Le filtrage des textures (suite)
Ce qu’il faut bien comprendre, c’est qu’en utilisant cette technique du Texture Mapping pour la création d’objets ou de surfaces à l’aspect répétitif (une route par exemple), nous avons tout intérêt à utiliser une texture bien plus petite que la surface à remplir, et à la répliquer un grand nombre de fois. Tout simplement parce que la taille de la texture à aller chercher en mémoire, puis à manipuler, sera beaucoup plus petite.
Pourtant, cela pose le problème des raccords entre tous les clones de cette même texture, puisqu’elle va donc être mise bout à bout. Prenons un exemple pour bien saisir les difficultés que cela peut amener : si vous avez déjà posé du papier peint dans une pièce, vous savez qu’un des aspects les moins facile à prendre en compte réside dans le respect des raccords entre les motifs du papier peint, puisque indépendamment des formes que peuvent prendre ceux-ci, tout papier peint est découpé en bandes verticales. Même si le problème est légèrement plus complexe dans le cas du Texture Mapping, l’idée générale est là : le but est de faire disparaître complètement les raccords entre les textures, de manière à créer l’illusion qu’il s’agit en fait d’une seule grosse texture.
Dès lors, le point clef de notre problématique va être de savoir quel(s) texel(s) va ou vont déterminer la couleur du pixel correspondant sur l’écran, et ce sont les différentes réponses possibles à cette question qui vont déterminer le type de filtrage de texture utilisé.
Pour bien comprendre ce problème, on peut imaginer une représentation dans laquelle on matérialiserait l’écran par un tamis, constitué d’une multitude de trous – chacun de ces trous constituant donc un pixel. Si l’on regarde derrière l’un de ces trous, on ne va pouvoir distinguer qu’une seule couleur (les trous étant très fins), qui va résulter de la scène 3D qui se déroule derrière l’écran. C’est l’ensemble de ces tout petits points qui va me permettre de visualiser la scène en question.

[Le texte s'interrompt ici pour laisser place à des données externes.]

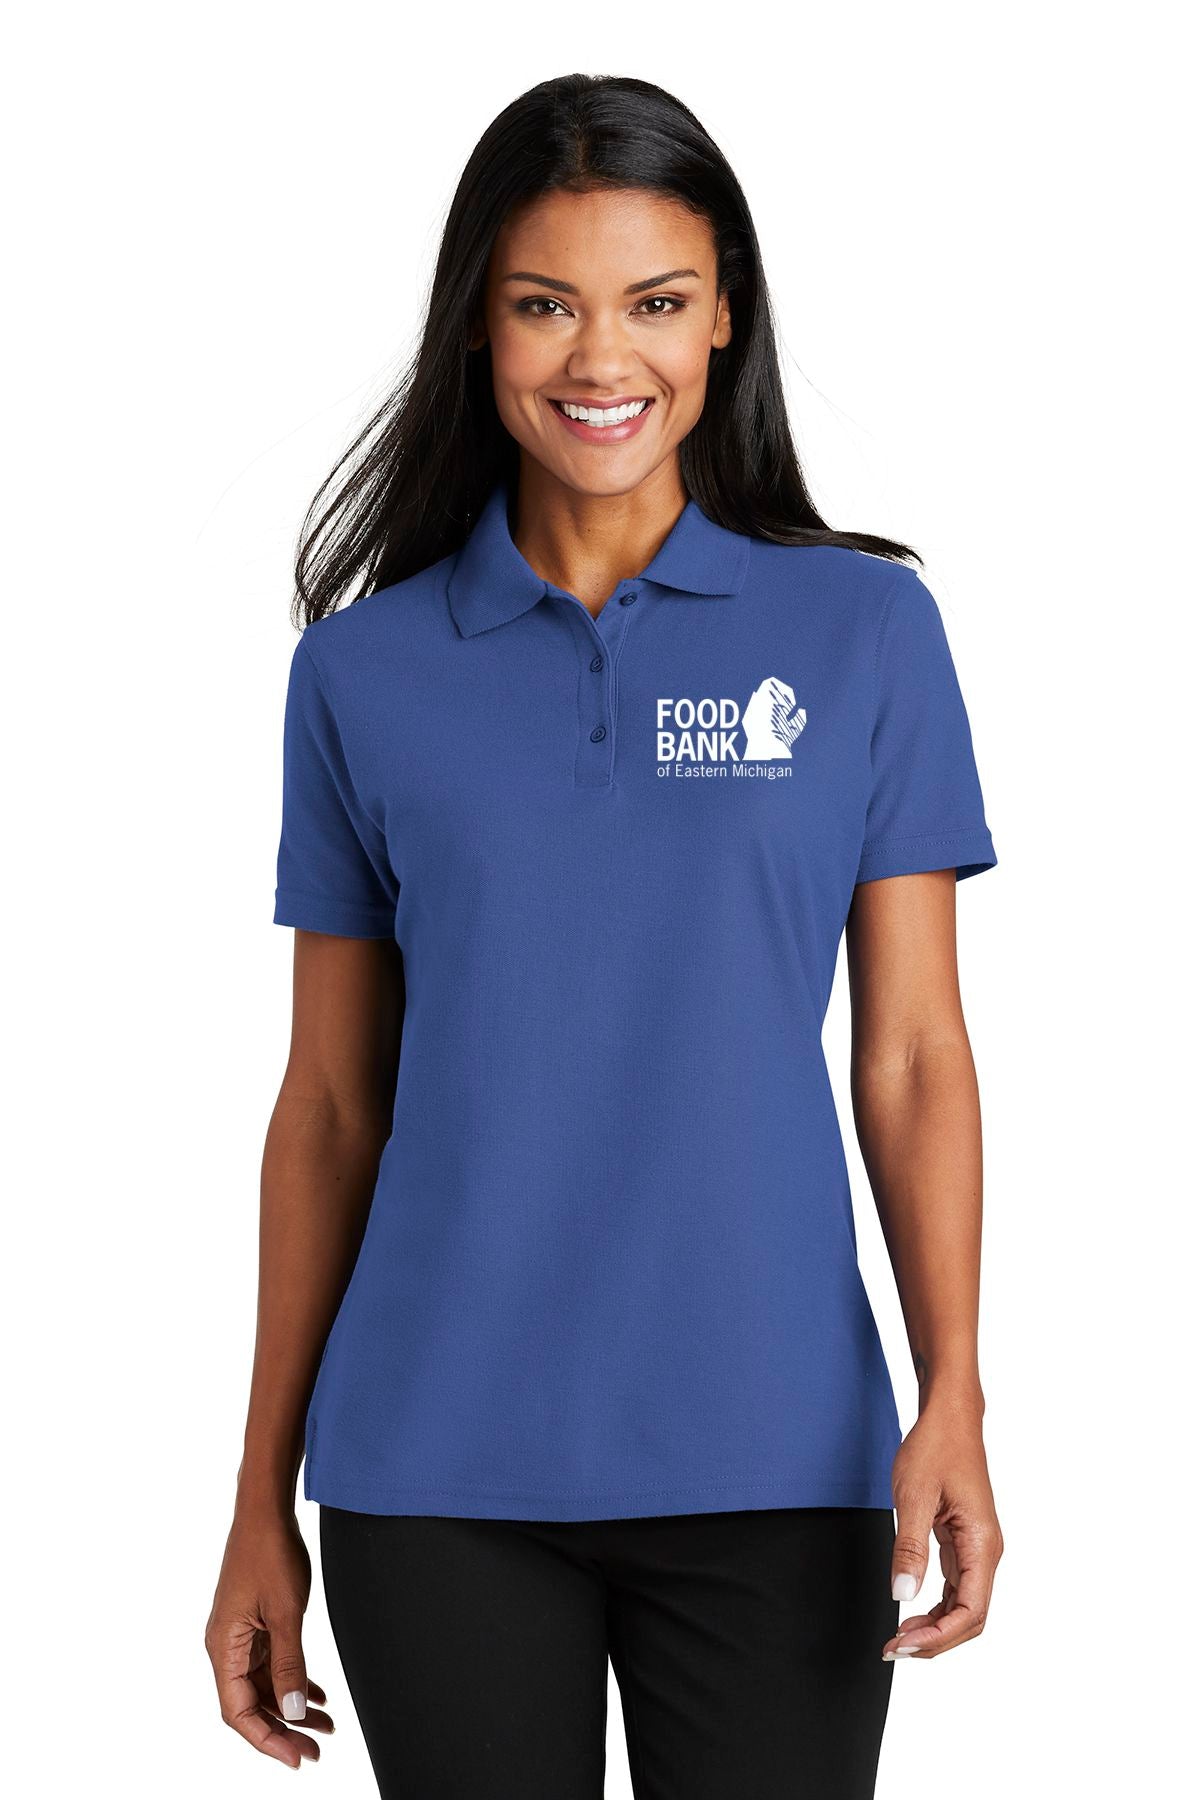 Food Bank of Eastern Michigan Ladies Stain-Release Polo
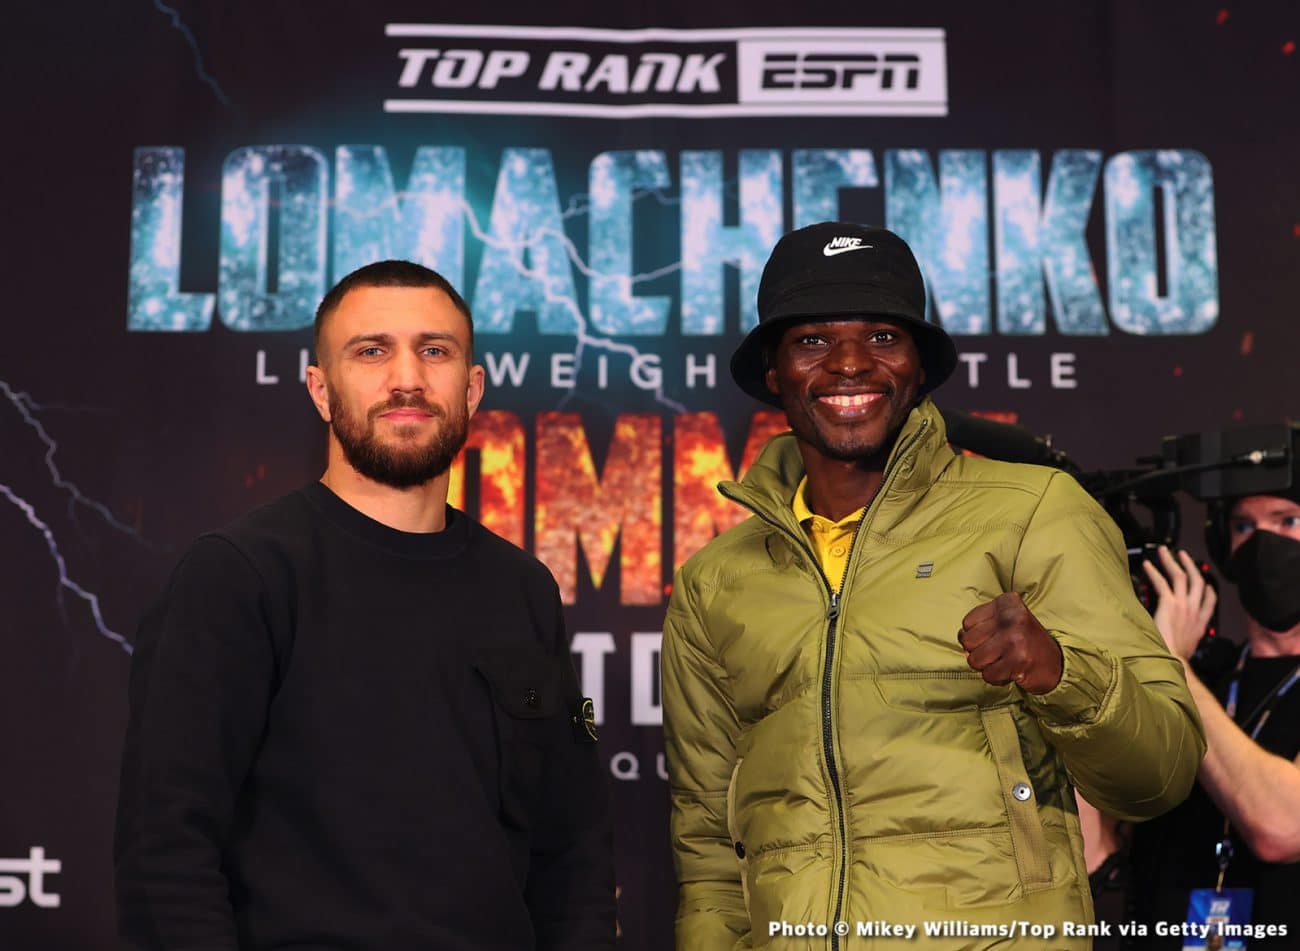 Image: Vasily Lomachenko open to Tank Davis fight, says Mayweather matching him against only beatable opposition

Remplaçons maintenant notre œil par une lampe. On peut facilement comprendre que si la face du polygone qui se présente derrière le trou à cet instant est parallèle au tamis, alors la lumière va passer par le trou et venir dessiner un cercle sur ce polygone.
Admettons maintenant que ce même polygone bouge, et que la face qui était visible par le trou ne soit plus parallèle par rapport au tamis. Le cercle de lumière qui illumine le polygone va alors prendre une forme elliptique, d’autant plus elliptique que le polygone formera un angle proche de 90° avec l’écran.
Voilà, vous avez la solution de l’énigme : la couleur de chaque pixel devra être déterminée par l’ensemble des polygones éclairés par ma lampe (et là si vous êtes sympa vous me faites : « D’accooooooord ! »…).